Spaces to exercise the right to the city
Diversity as a resource for society
The term “inclusive city” was introduced for the first time in 2001 by the United Nations, which defined it as “a place where everyone, regardless of their economic status, gender, race, ethnicity or religion, is enabled and empowered to fully participate in the social, economic and political opportunities that are on offer” (United Nations Centre for human settlements 2001). A city can therefore be defined as inclusive when it builds its policies and identity on the explicit recognition that diversity can be a resource for the development of society. Although the inclusive city is a shared virtuous model towards which to strive, the urban space includes many factors that increase polarization, fragmentation, and social exclusion, under the influence of the global market.
Within this articulate system, common goods can play a crucial role in making a city inclusive. Specifically, commons, in their broadest sense as places of solidarity and sharing of community-based practices, are proving essential in providing services and support to communities, especially to the people more often excluded and marginalized by our society.
The commons become to exercise the right to the city
The activities offered range from reception and hospitality to social inclusion and education, training and job placement. The commons therefore become spaces to exercise the “right to the city”: experiences that generate positive encounters and cultural exchanges, promoting an equal and active participation of communities in the development of the city and in the fulfillment of the needs of a varied population. A haven for those on the fringes of society, safe and comfortable spaces that have the ability to provide and reproduce social stability by surpassing market and central government control.
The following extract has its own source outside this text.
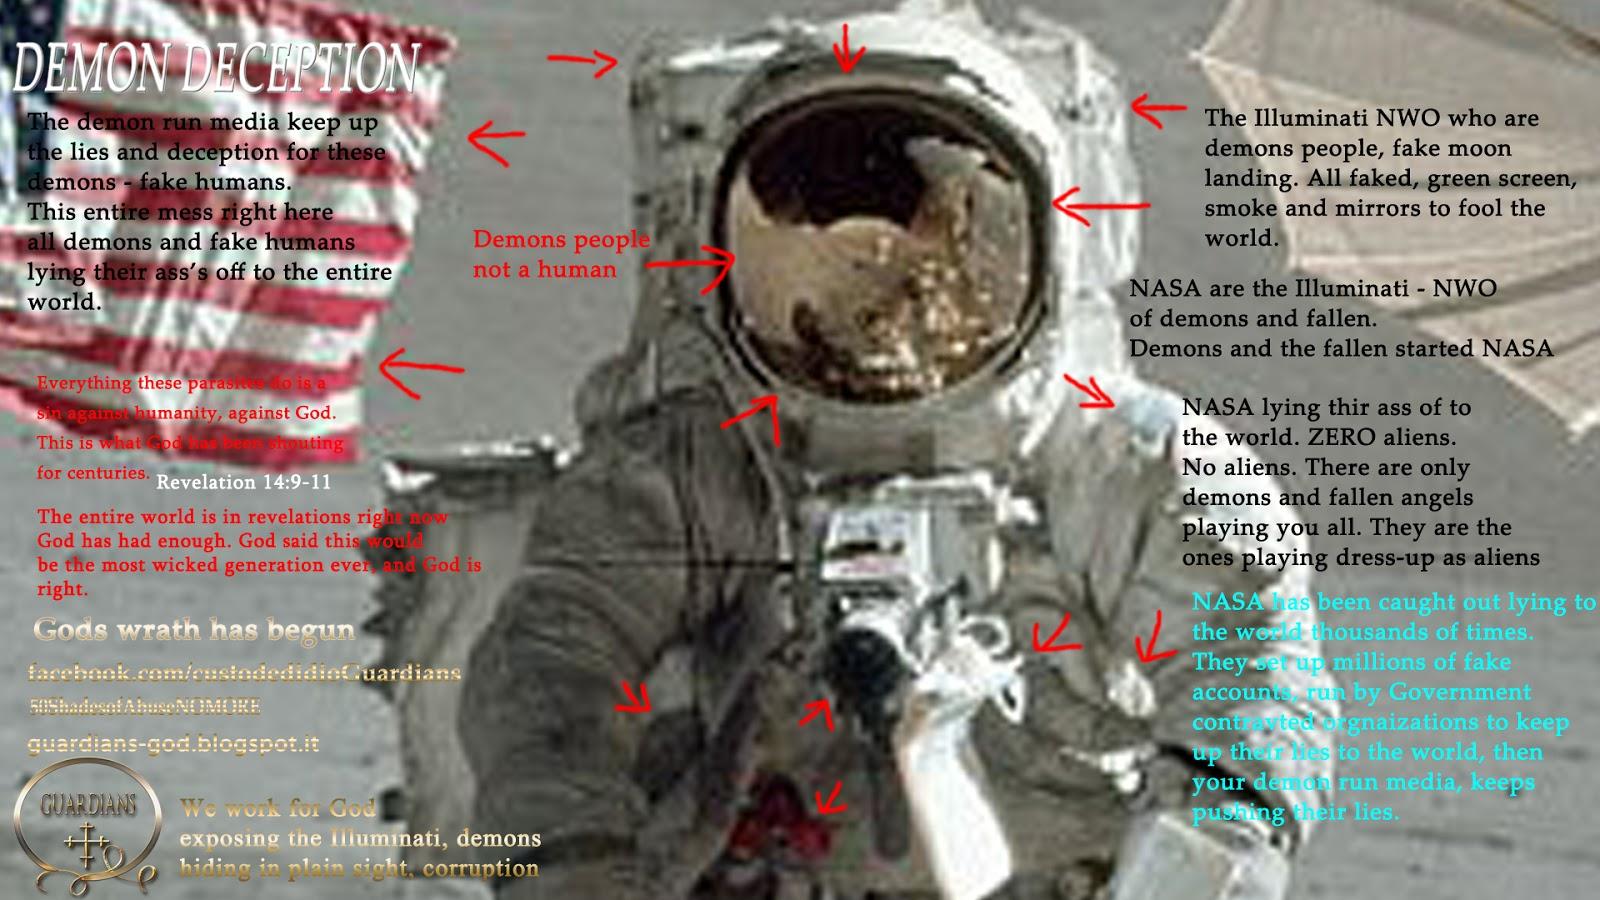 GUARDIANS: Secret Space Program run by the Illuminati NWO demons

Therefore, this itinerary shows how the emergence of urban commons is often a reaction to all the laws and mechanisms of global capitalism that physically exclude those who cannot afford to pay the price imposed by the market for goods and services, or cannot benefit from state welfare systems because they are refugees, migrants, marginalized people or simply because they want to live differently within society.
Inclusion through solidarity social and economic models
The cases presented here are indeed notable for being promoters of unconventional activities of care and collective management of common goods in which new forms of living spaces are tested out and new ways of inclusion are experimented with through social and economic models of solidarity and sustainability.
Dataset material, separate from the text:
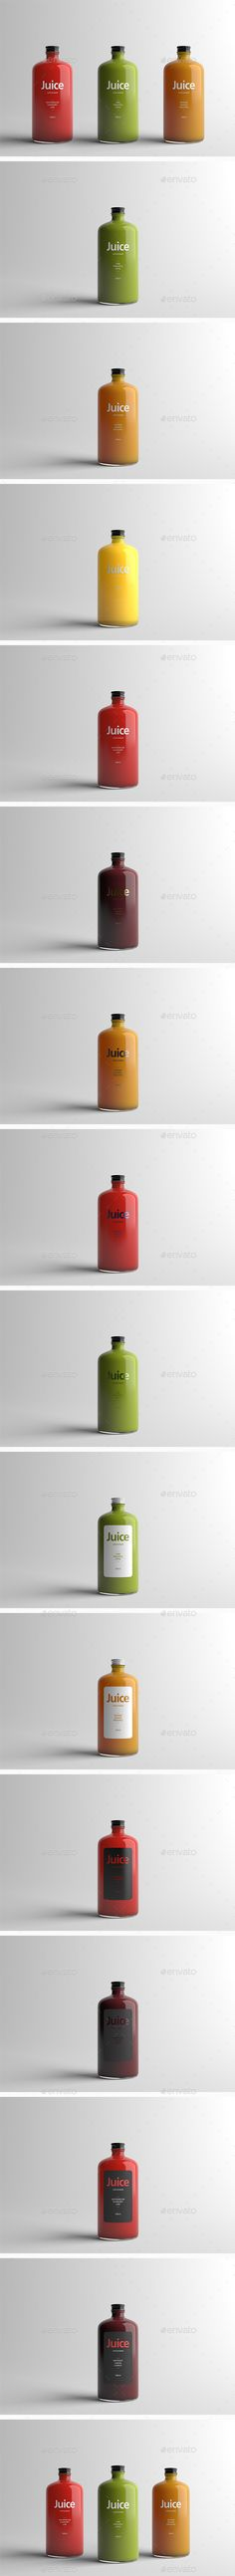 Juice Bottle Packaging Mock-Up. Download here: http://graphicriver.net/item/juice-bottle-packaging-mockup/15336098?ref=ksioks

These unique experiences make “commoning” – the practices of sharing material and immaterial resources – both the means and the end for the promotion of alternative projects in social housing, education, culture, trade, production and provision of services.
These spaces allow for the practice of a new “active welfare” in support of the skills of the most fragile communities and individuals, reminding us that the quality of the urban space does not only depend on the infrastructures available within an area, but also on the quality of projects, the relationships they generate and the ability to tackle social conflicts, manage diversity and benefit from it.
Commons as a response to social crises: what’s going on in Greece?
The deep crisis that has affected Greece since the autumn of 2009 has had direct and serious consequences on people's everyday lives, with particular impact on the most vulnerable and fragile groups through cuts in pensions, wages, social services, tax increases and structural reforms.
Greek people react to the crisis by taking part to mutual-aid actions
As a reaction to the austerity politics imposed by the central government, solidarity and mutual-aid actions were initiated by collectives and individuals all over the country. From occupying the parliament square (Syntagma Square) with tents, to the “movement of the squares” born in 2011, there’s a lot of people who, acting outside their comfort zones, took part in public solidarity actions, which often led to new or alternative ways of using the urban space.
The country has seen the emergence of over 400 self-organized spaces, squats, collectives and community initiatives; around 40 solidarity clinics and pharmacies with an average of 46 volunteers per clinic and 2,000 people being taken care of per month; 47 self-managed food banks and 21 social kitchens with about 56 volunteers per group who, in 2014 alone, distributed 4,318 food packages per month; 45 distribution networks, with over 5,000 tons of products distributed; and about 30 solidarity education facilities.
From 2015 on, bottom-up solidarity projects arose for the reception of refugees
In spring 2015, it became clear that the domestic policies of the individual states were not enough to deal with the dramatic increase in the flow of refugees. According to the UNHCR, there are currently about 119,700 asylum seekers and recognized refugees in Greece; 100,600 are on the mainland and 19,100 are on the Aegean islands. In this case too, alongside the actions of the central government, other bottom-up solidarity projects and experiences arose to respond to the ongoing emergency. These solidarity practices, which today are an important experiment in shaping a new and different public sphere, are characterized by the implementation of alternative forms of engaging in politics in situations of crisis and deprivation, by the introduction of new actors in the field and by the ability to eventually reconfigure public space and redefine the forms of urban citizenship.
Commons for a future that is more open to solidarity, community-making and inclusion
The experiences that were included in this thematic itinerary propose a different narration of the Greek humanitarian emergency, one in which commons become examples of participatory democracy and direct action, for a future that is more open to solidarity, community-making and inclusion.